The first column contains the tokens, the second column contains the
part-of-speech tagging, the third column contains the syntactic chunk tagging,
and the fourth column contains the named entity tagging.

We will use the same format, but we will only use the first two columns and add
a third column indicating the label for each token using the [IOB
format](https://en.wikipedia.org/wiki/Inside%E2%80%93outside%E2%80%93beginning_(tagging)).


Our tags will be `I-DAT`, `O`, and `B-DAT`

In [6]:
parsed_document = nlp(text)

Let's print out the text and tokens for a look at the data.

In [7]:
for sentence in islice(parsed_document.sents, 1):
    print("Sentence:\n", sentence)
    for token in islice(sentence, 20):
        print("\t".join([token.text, token.tag_]))

Sentence:
 This study used data from the National Education Longitudinal Study (NELS:88) to examine the effects of dual enrollment programs for high school students on college degree attainment.
This	DT
study	NN
used	VBD
data	NNS
from	IN
the	DT
National	NNP
Education	NNP
Longitudinal	NNP
Study	NNP
(	-LRB-
NELS:88	NNP
)	-RRB-
to	TO
examine	VB
the	DT
effects	NNS
of	IN
dual	JJ
enrollment	NN


To add the labels we need to see if any of the labels are in the sentence first.

In [8]:
# thrown in a bad label to test for false positives
labels = label.split("|") + ["Banana Pancakes"]
rm.RegexModel.regexify_keyword(labels[0])
regex_labels = list(map(
    re.compile,
    map(rm.RegexModel.regexify_keyword, labels)
))

In [19]:
def detect_labels(labels:List[re.Pattern], sentence:str) -> List[List[str]]:
    return list(map(
        lambda match: match.captures(), # It's possible to have more than one match
        filter(
            bool,
            map(
                lambda rl: rl.search(sentence),
                labels
            )
        )
    ))

def tag_sentence(regex_labels:List[re.Pattern], sentence:spacy.tokens.span.Span):
    match_lists = sorted(
        detect_labels(regex_labels, sentence.text), 
        key=lambda x: max(map(len, x)), 
        reverse=True
    )

    tokens = [token.text for token in sentence]
    tags = [token.tag_ for token in sentence]
    ner_tags = ["O"] * len(sentence) # assume no match

    for matches in match_lists:
        for match in matches:
            label_tokens = nlp(match)
            start_idx = tokens.index(label_tokens[0].text)
            idxs = list(range(start_idx, start_idx + len(label_tokens)))

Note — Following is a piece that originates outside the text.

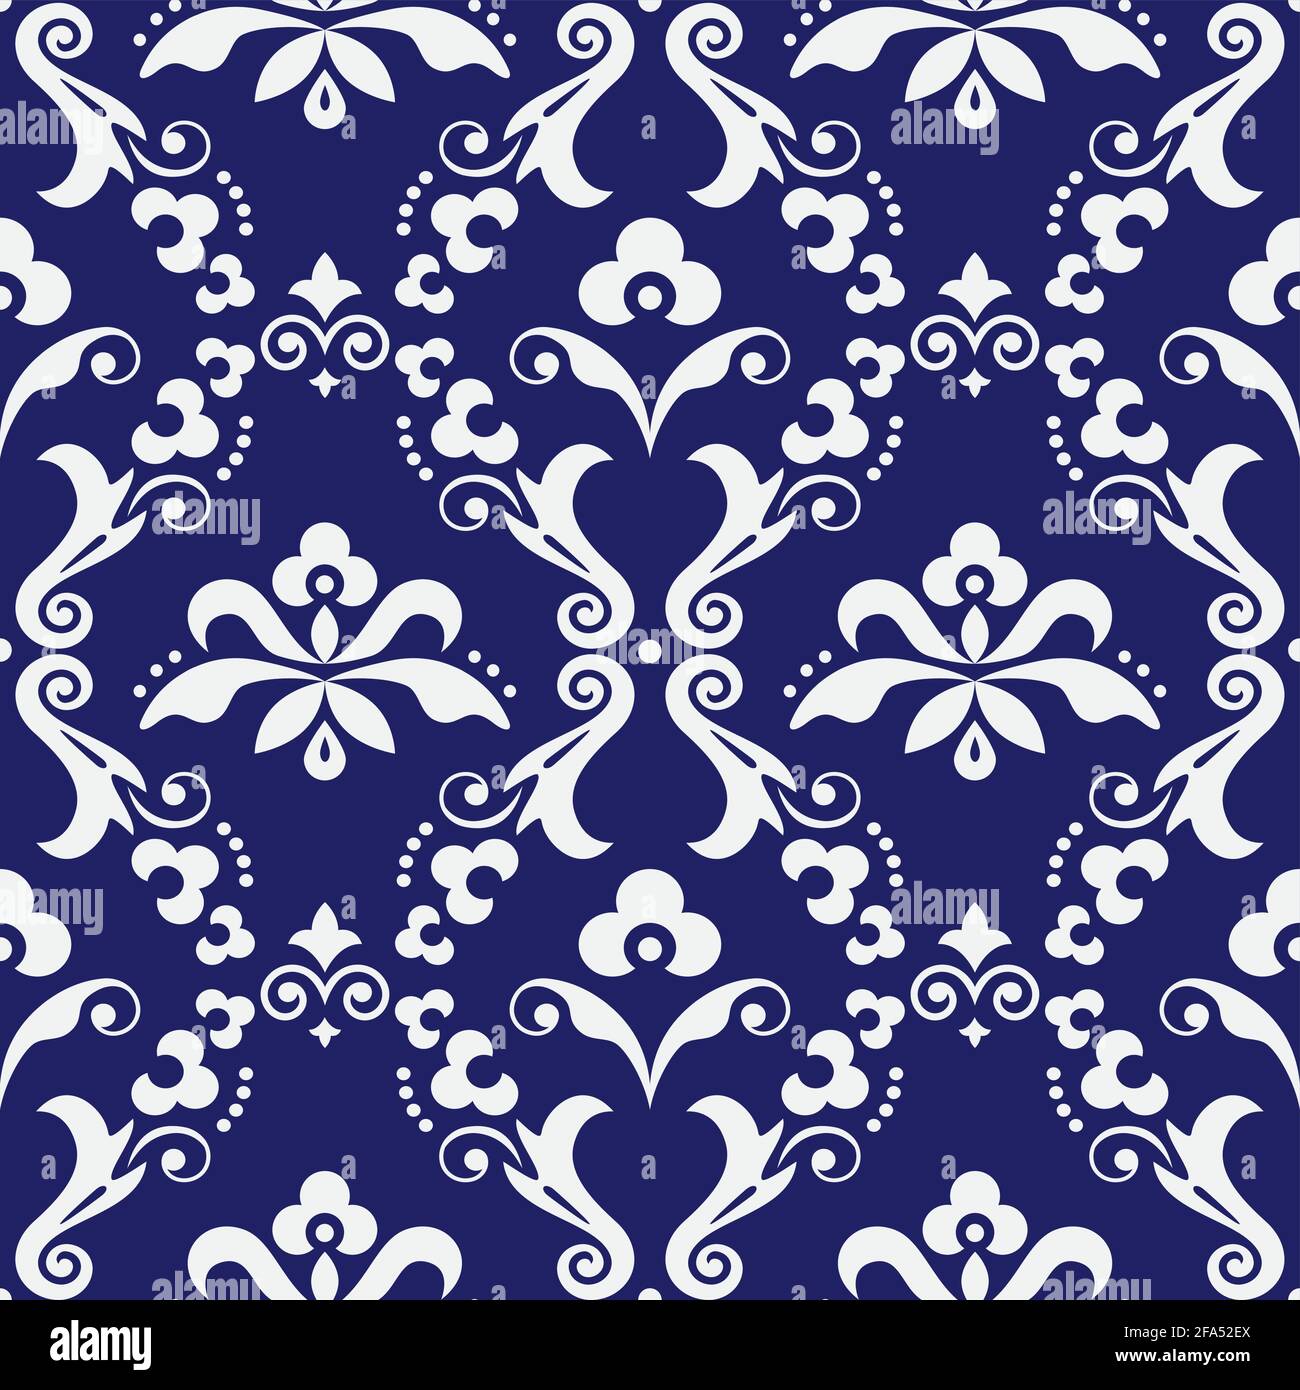 Damask  vector seamless textile or farbic print pattern, old victorian repetitive design with flowers, swirls and leaves in white on navy blue Stock Vector

            first_tag = ner_tags[start_idx]
            prev_tag = ner_tags[start_idx - 1] if start_idx > 0 else "O"
            # If there are any tokens that are already marked then this match
            # could be a subset of another match
            if not any(map(lambda x: x!="O", ner_tags[start_idx: start_idx + len(label_tokens)])):
                if prev_tag=="O":
                    ner_tags[start_idx] = "I-DAT"
                else:
                    ner_tags[start_idx] = "B-DAT"

                for idx in idxs[1:]:
                    ner_tags[idx] = "I-DAT"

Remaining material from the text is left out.